◆ **PROMPT**
Transcribe exactly the lines from the top of the records below through the line that holds "Disney100 - Märchenschloss", both included, with no pictures.

[Extracted data entries]
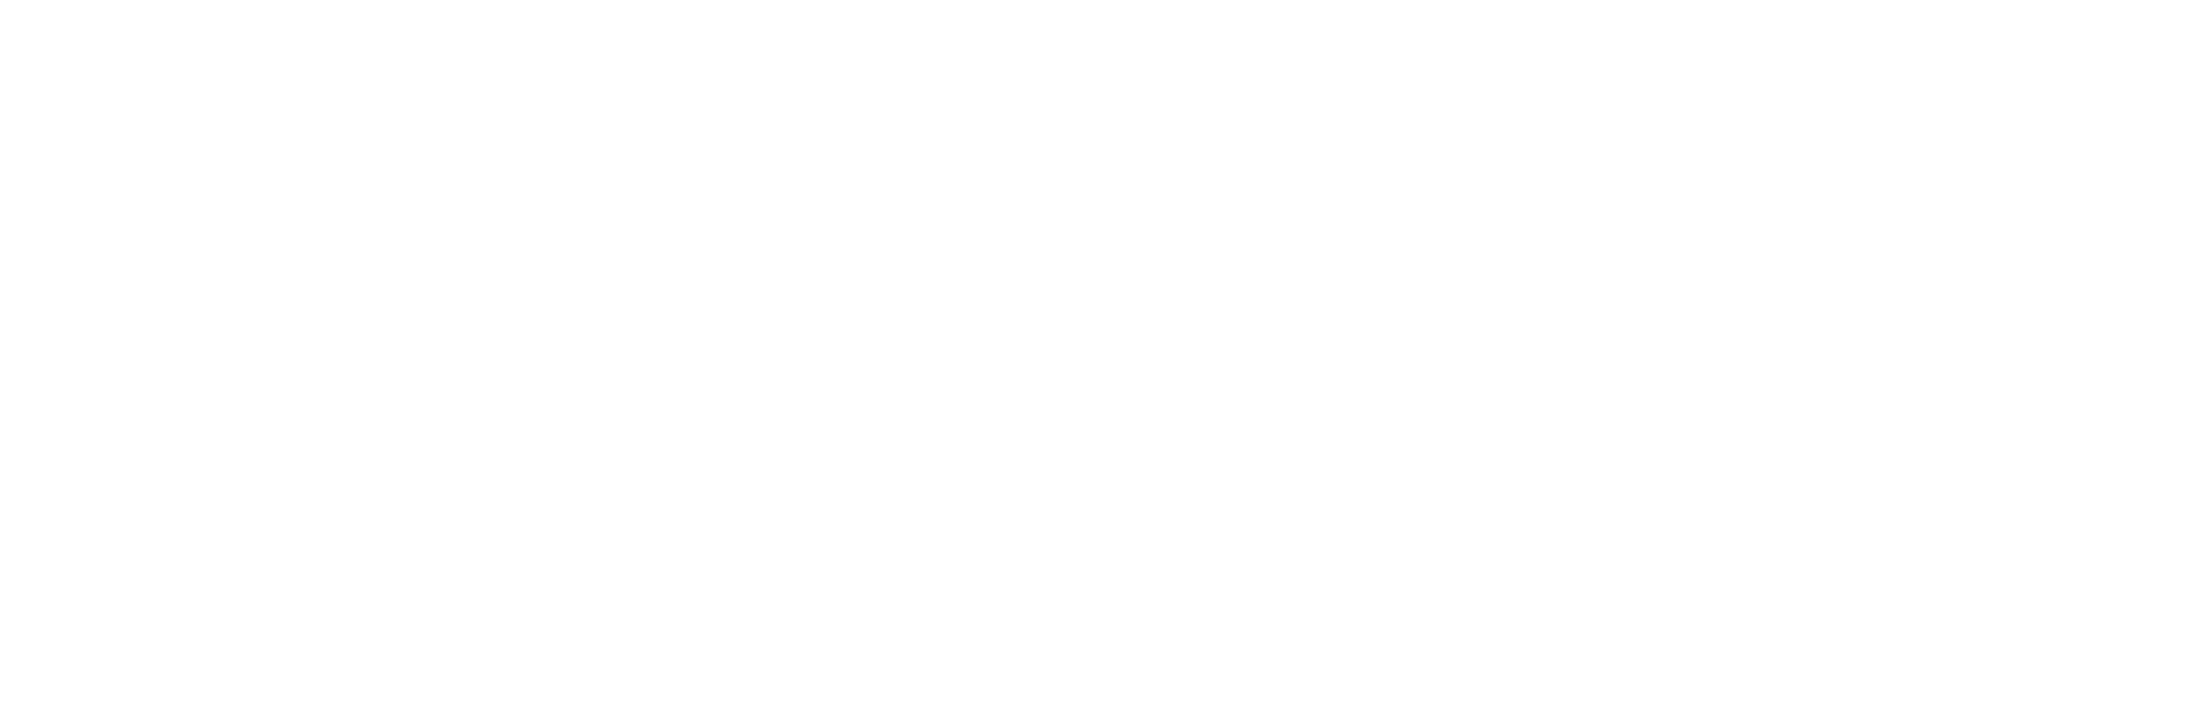 Grow Eat Play logo
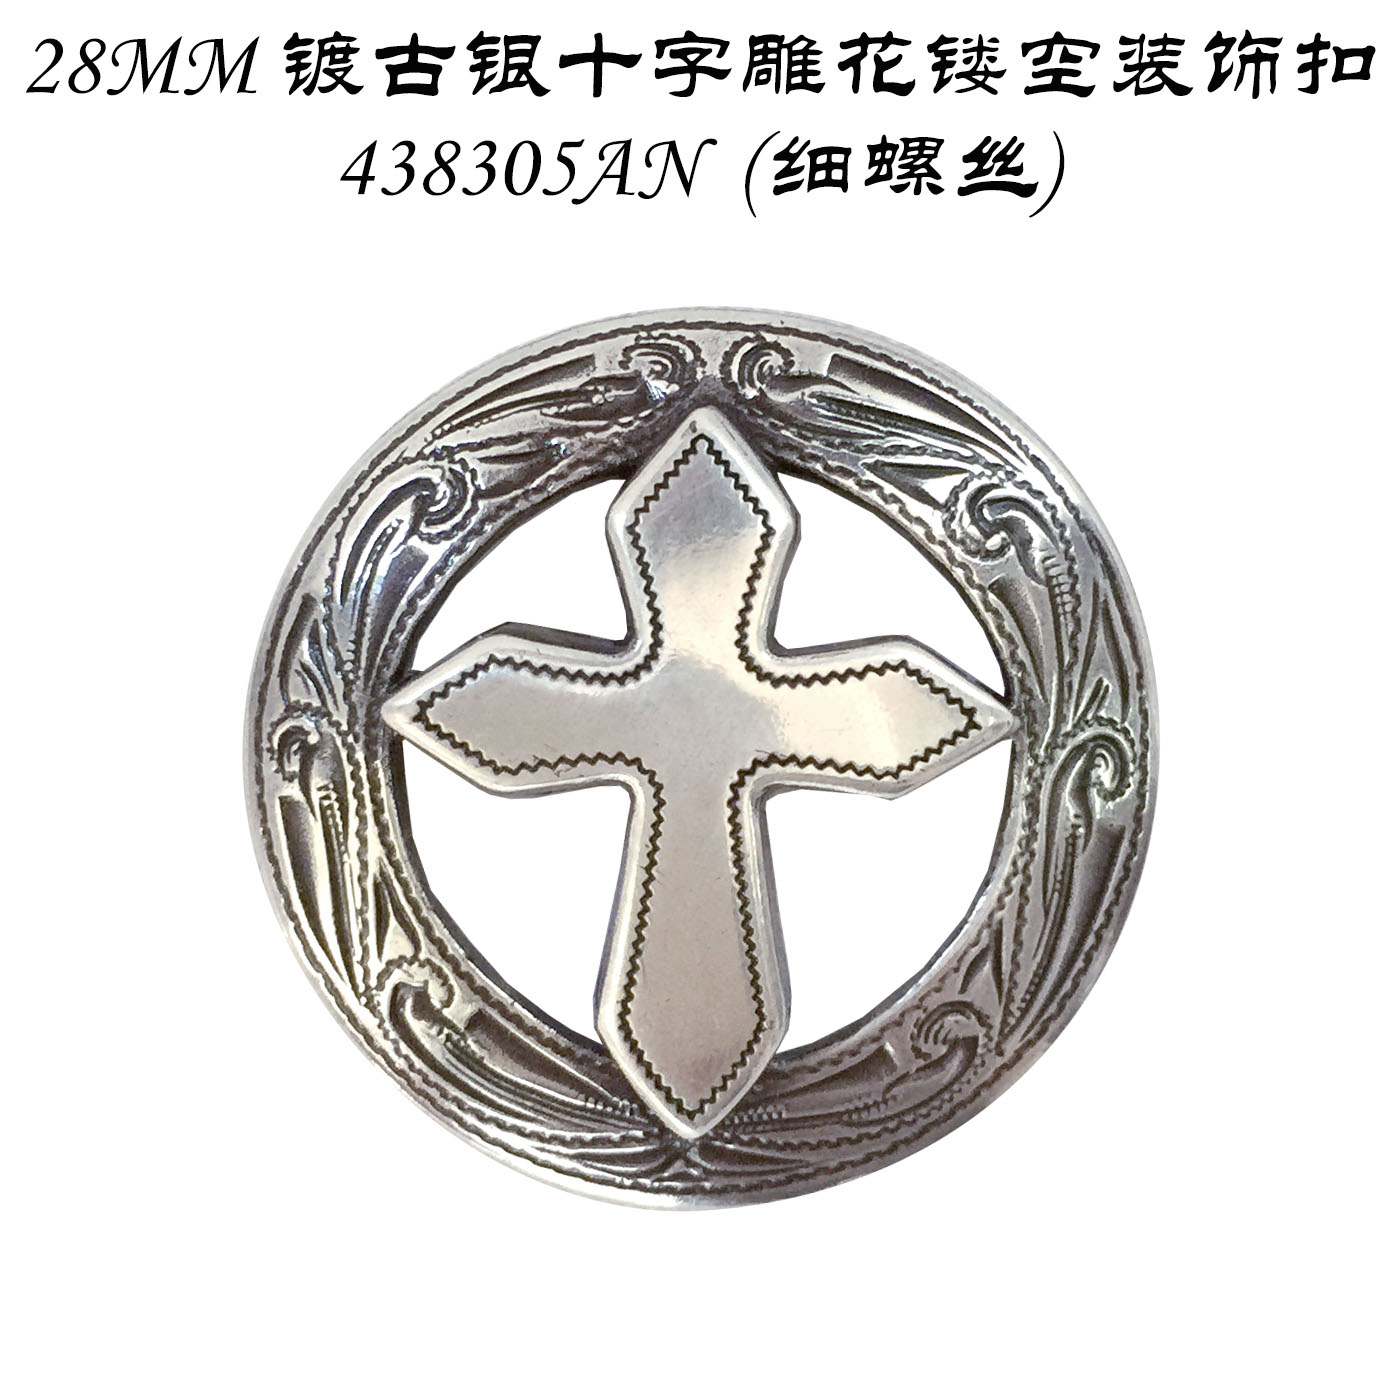 28MM镀古银十字雕花镂空装饰扣-438305AN(细螺丝)
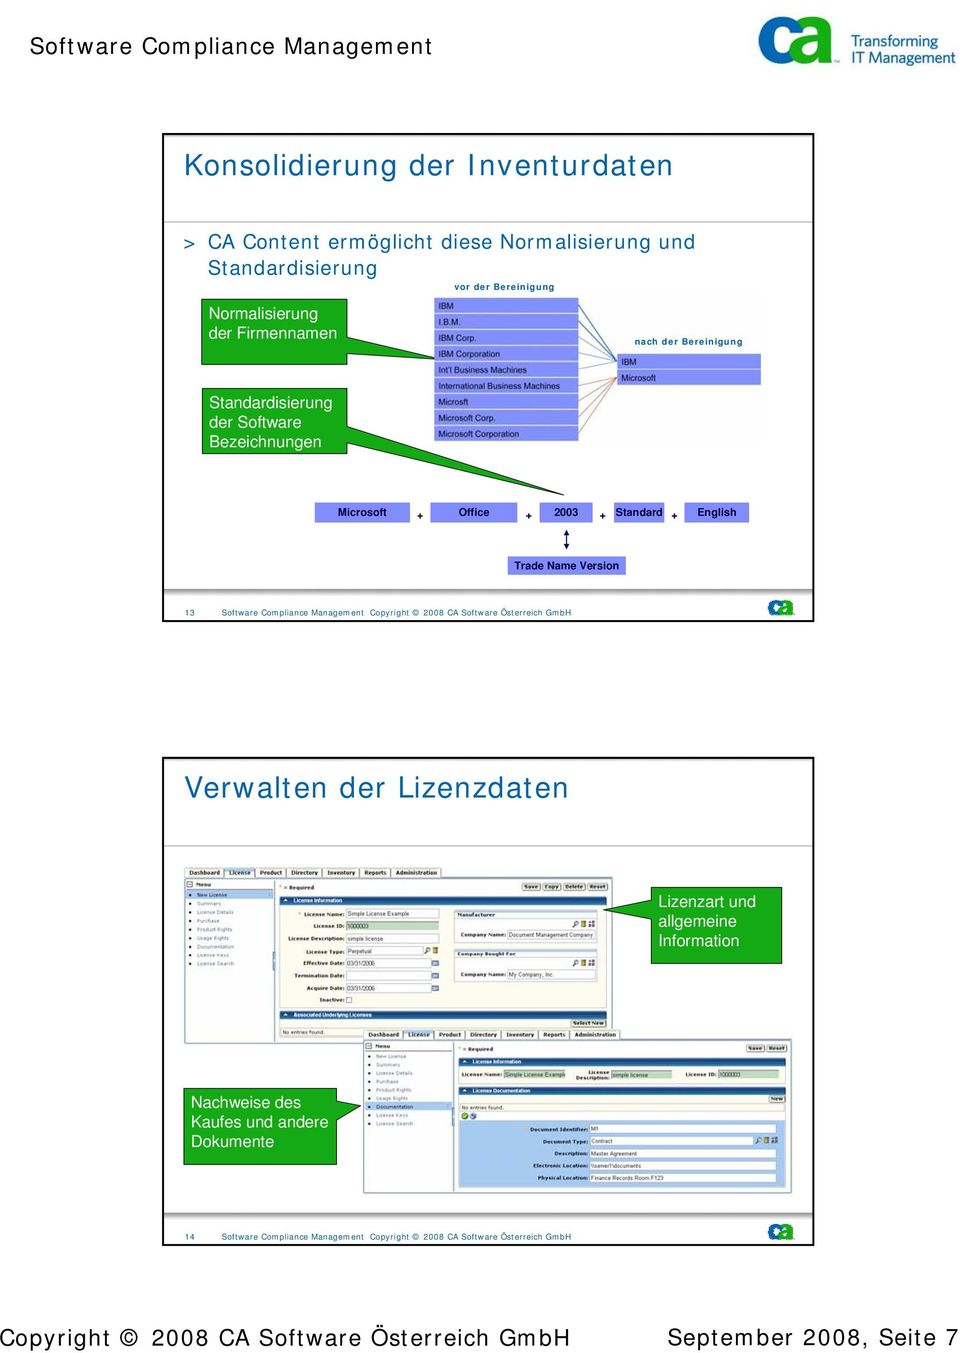 Software Compliance Management Copyright 2008 CA Software Österreich GmbH Verwalten der Lizenzdaten > Central inventory for licenses Lizenzart und allgemeine Information
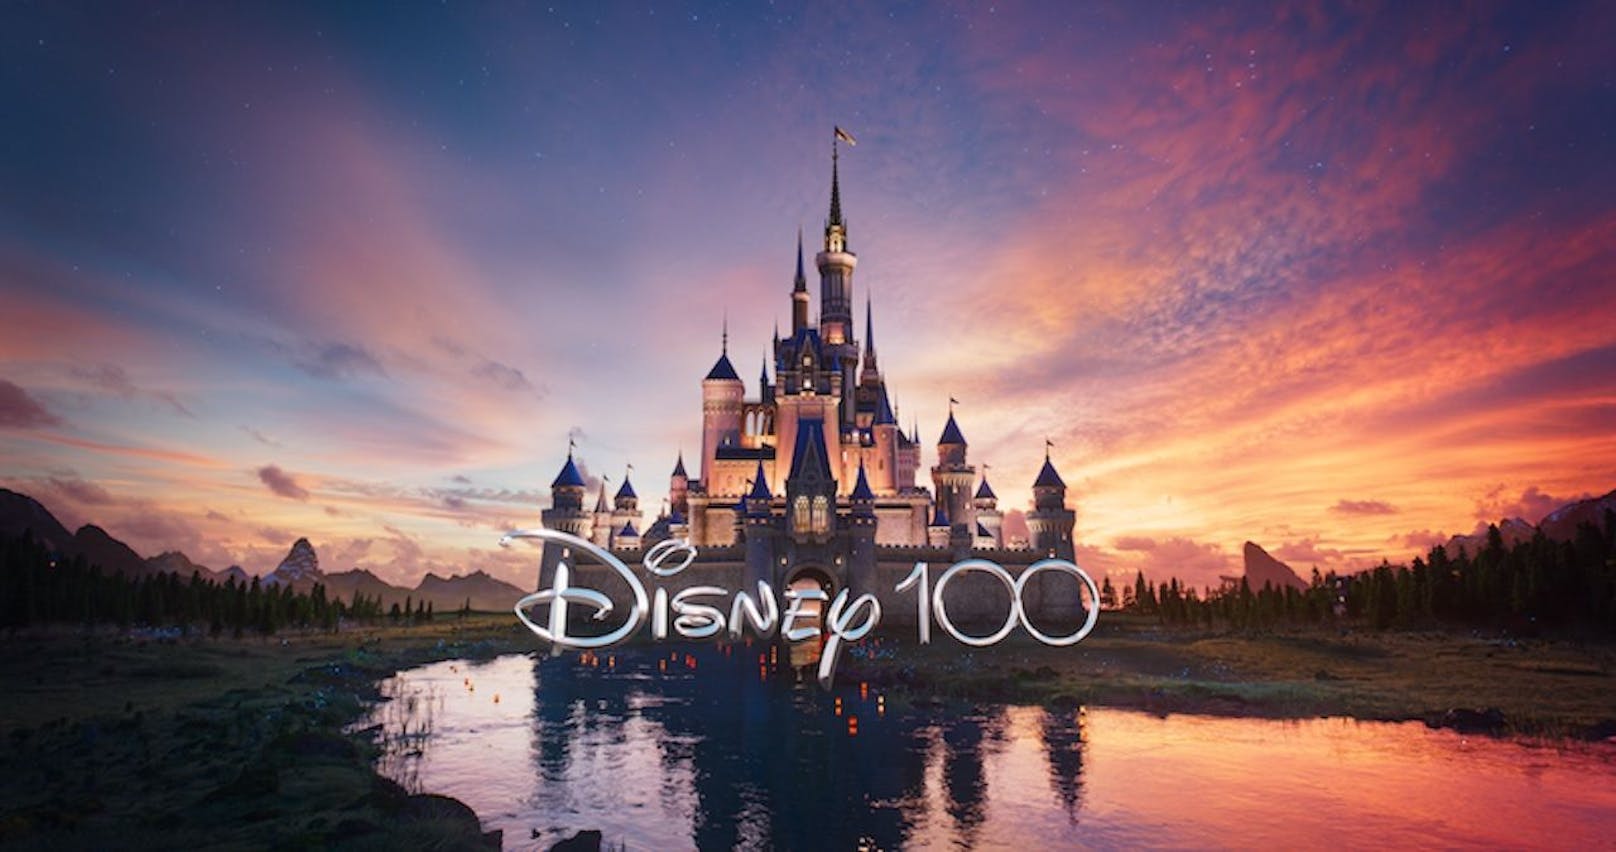 Disney100 - Märchenschloss
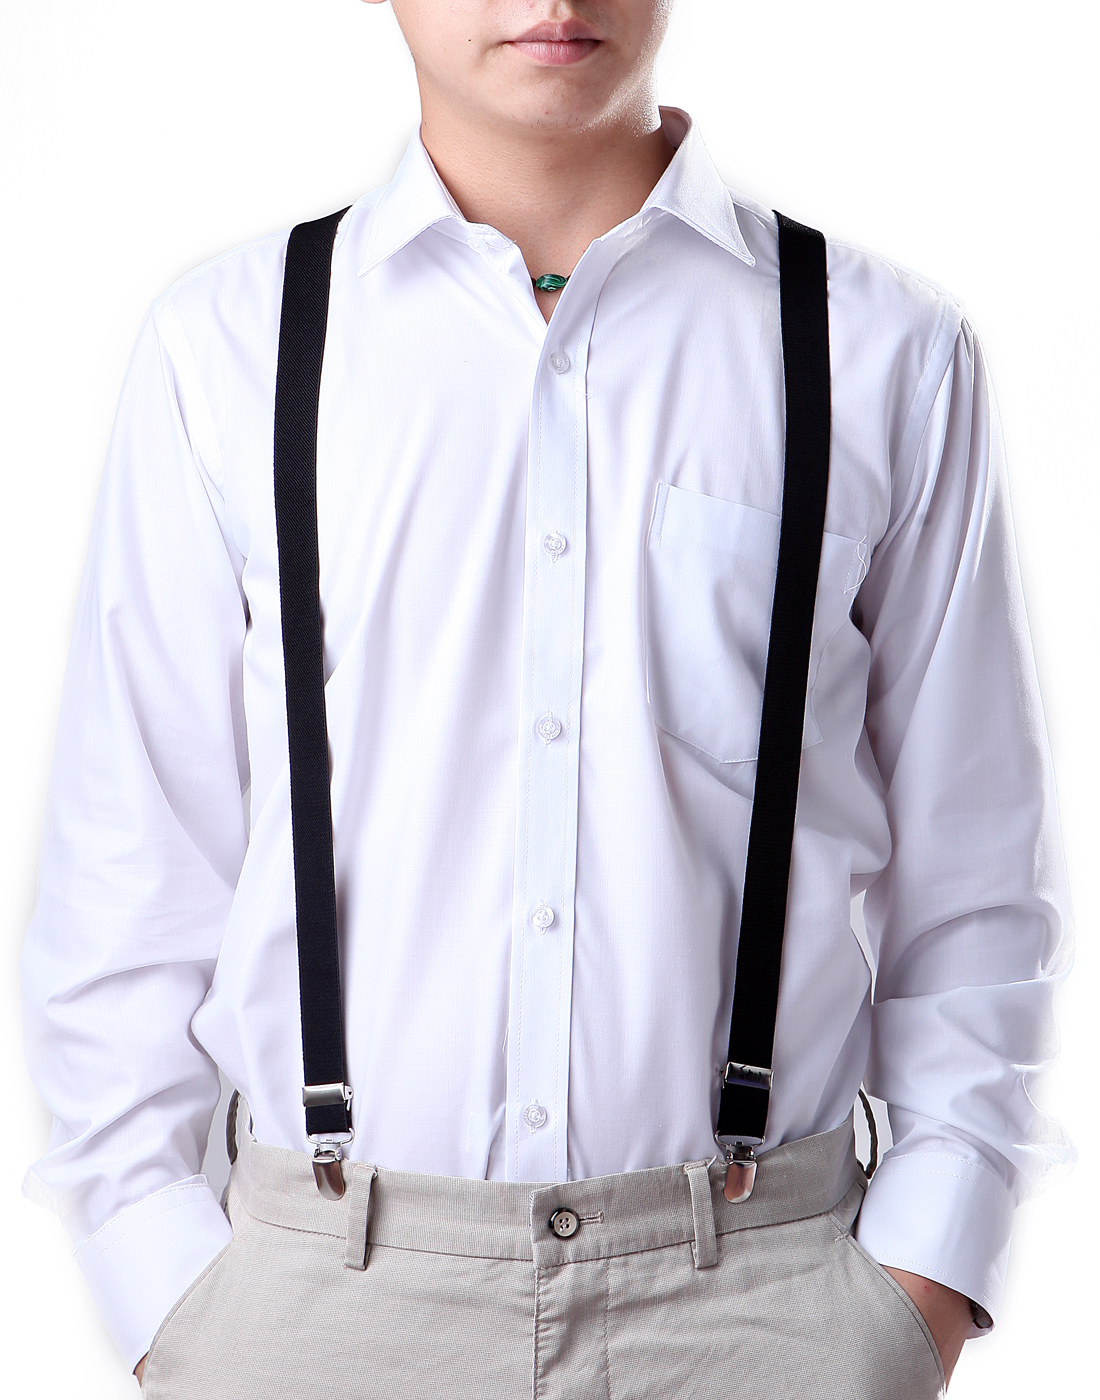 HDE Mens Elastic Y-Back Clip Suspenders - 1 Inch Algeria

◆ **OUTPUT FOR THIS TASK**
 Grow Eat Play logo
 28MM镀古银十字雕花镂空装饰扣-438305AN(细螺丝)
 Software Compliance Management Copyright 2008 CA Software Österreich GmbH Verwalten der Lizenzdaten > Central inventory for licenses Lizenzart und allgemeine Information
 Disney100 - Märchenschloss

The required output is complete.